The code below shows a quick example. Notice that the argument preference_order
was left as NULL, but will be explained later.
selected_predictors <- collinear(
df = vi,
response = "vi_mean",
predictors = vi_predictors,
preference_order = NULL,
max_cor = 0.75,
max_vif = 5,
encoding_method = "mean"
)
selected_predictors
#> [1] "country_income" "topo_diversity"
#> [3] "topo_slope" "country_population"
#> [5] "country_gdp" "humidity_range"
#> [7] "soil_soc" "region"
#> [9] "soil_clay" "soil_type"
#> [11] "subregion" "biogeo_realm"
#> [13] "soil_sand" "topo_elevation"
#> [15] "soil_nitrogen" "swi_range"
#> [17] "koppen_group" "swi_min"
#> [19] "solar_rad_max" "rainfall_min"
#> [21] "growing_season_temperature" "rainfall_range"

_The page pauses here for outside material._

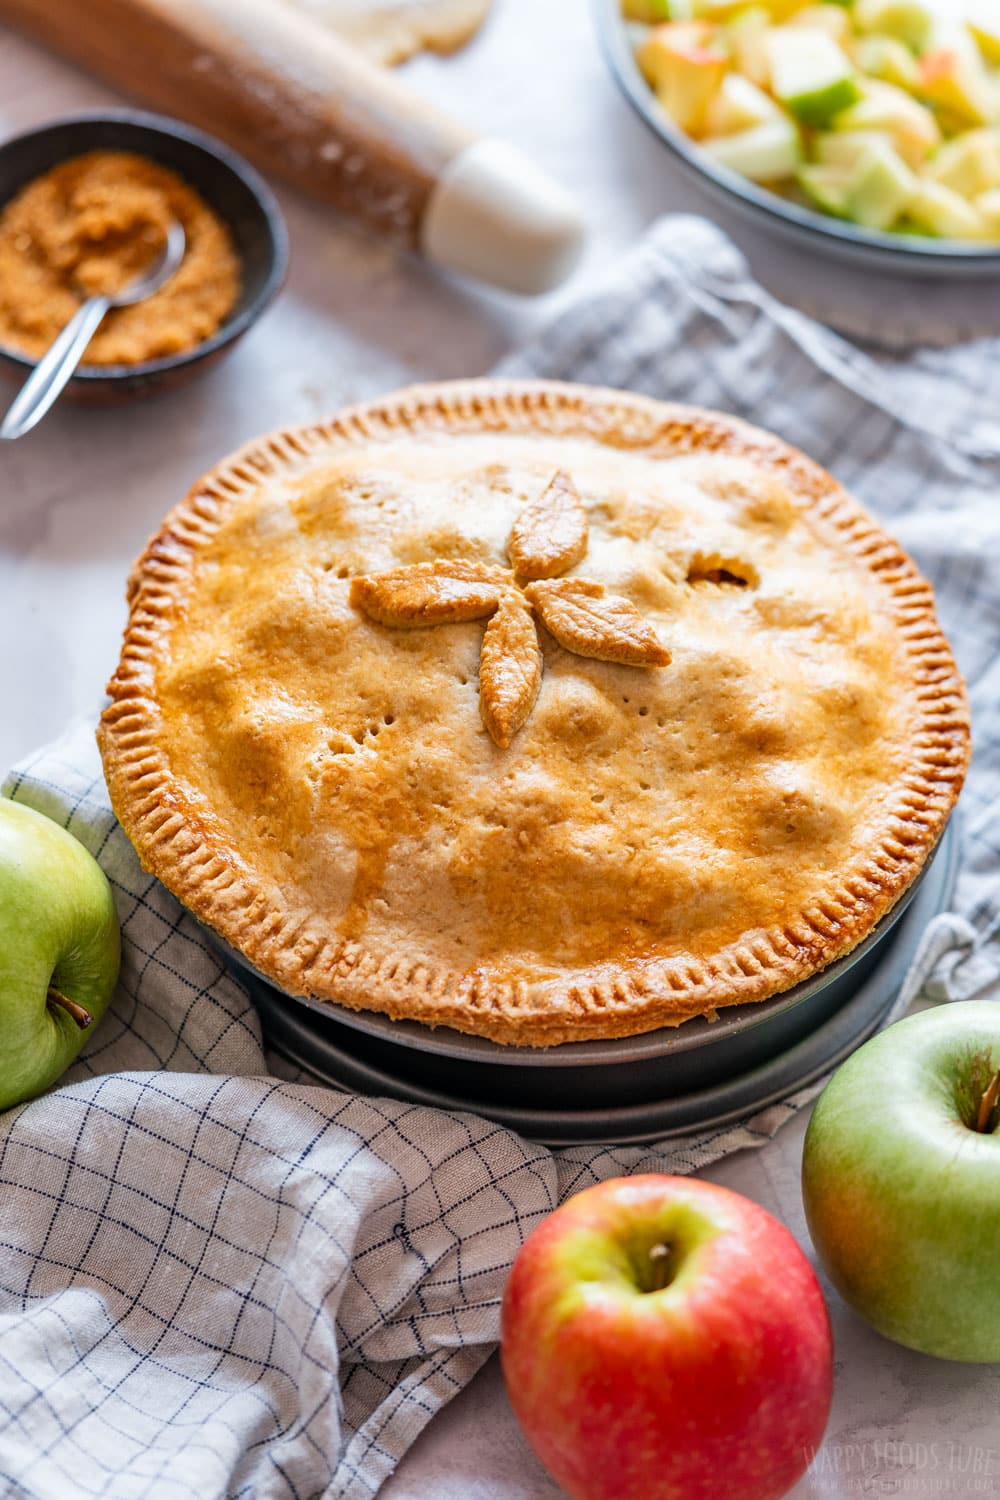 Homemade apple pie with golden crust.

#> [23] "solar_rad_min" "cloud_cover_range"
The function has returned a list of predictors that should have a correlation lower than 0.75 with each other, and a VIF lower than 5. Let’s see if that’s true.
The function cor_df()
returns a data frame with pairwise correlations, arranged by the absolute value of the correlation.
selected_predictors_cor <- cor_df(
df = vi,
response = "vi_mean",
predictors = selected_predictors
)
head(selected_predictors_cor)
#> # A tibble: 6 × 3
#> x y correlation
#> <chr> <chr> <dbl>
#> 1 solar_rad_min growing_season_temperature 0.744
#> 2 koppen_group soil_type 0.732
#> 3 soil_nitrogen soil_soc 0.729
#> 4 swi_min soil_nitrogen 0.673
#> 5 soil_sand soil_clay -0.666
#> 6 koppen_group swi_range 0.659
The data frame above shows that the maximum correlation between two of the selected predictors is below 0.75, so here collinear()
worked as expected.
The function vif_df()
returns a data frame with the VIF scores of all predictors.
selected_predictors_vif <- vif_df(
df = vi,
response = "vi_mean",
predictors = selected_predictors
)
selected_predictors_vif
#> variable vif
#> 1 country_income 1.215
#> 2 topo_diversity 1.662
#> 3 topo_slope 1.929
#> 4 humidity_range 2.043
#> 5 topo_elevation 2.101
#> 6 country_gdp 2.158
#> 7 country_population 2.171
#> 8 rainfall_min 2.269
#> 9 cloud_cover_range 2.418
#> 10 soil_soc 2.744
#> 11 region 2.849
#> 12 rainfall_range 2.876
#> 13 subregion 2.900
#> 14 soil_clay 2.966
#> 15 soil_type 2.991
#> 16 solar_rad_max 3.145
#> 17 biogeo_realm 3.150
#> 18 soil_sand 3.175
#> 19 soil_nitrogen 3.376
#> 20 swi_min 3.450
#> 21 swi_range 3.781
#> 22 koppen_group 4.151
#> 23 growing_season_temperature 4.314
#> 24 solar_rad_min 4.432
The output shows that the maximum VIF is 4.2, so here collinear()
did its work as expected.
Arguments max_cor
and max_vif
The arguments max_cor
and max_vif
control the intensity of the multicollinearity filtering.
#restrictive setup
selected_predictors_restrictive <- collinear(
df = vi,
response = "vi_mean",
predictors = vi_predictors,
max_cor = 0.5,
max_vif = 2.5
)
#permissive setup
selected_predictors_permissive <- collinear(
df = vi,
response = "vi_mean",
predictors = vi_predictors,
max_cor = 0.9,
max_vif = 10
)
These are the variables selected under a restrictive setup:
selected_predictors_restrictive
#> [1] "country_income" "soil_clay"
#> [3] "country_population" "topo_slope"
#> [5] "humidity_range" "topo_elevation"
#> [7] "soil_soc" "soil_silt"
#> [9] "cloud_cover_range" "region"
#> [11] "solar_rad_max" "growing_season_temperature"
#> [13] "biogeo_realm"
These are the variables selected under a more permissive setup:
selected_predictors_permissive
#> [1] "country_income" "topo_diversity"
#> [3] "topo_slope" "country_population"
#> [5] "country_gdp" "soil_soc"
#> [7] "region" "soil_type"
#> [9] "soil_nitrogen" "subregion"
#> [11] "biogeo_realm" "topo_elevation"
#> [13] "koppen_group" "biogeo_biome"
#> [15] "country_name" "soil_ph"
#> [17] "aridity_index" "growing_season_temperature"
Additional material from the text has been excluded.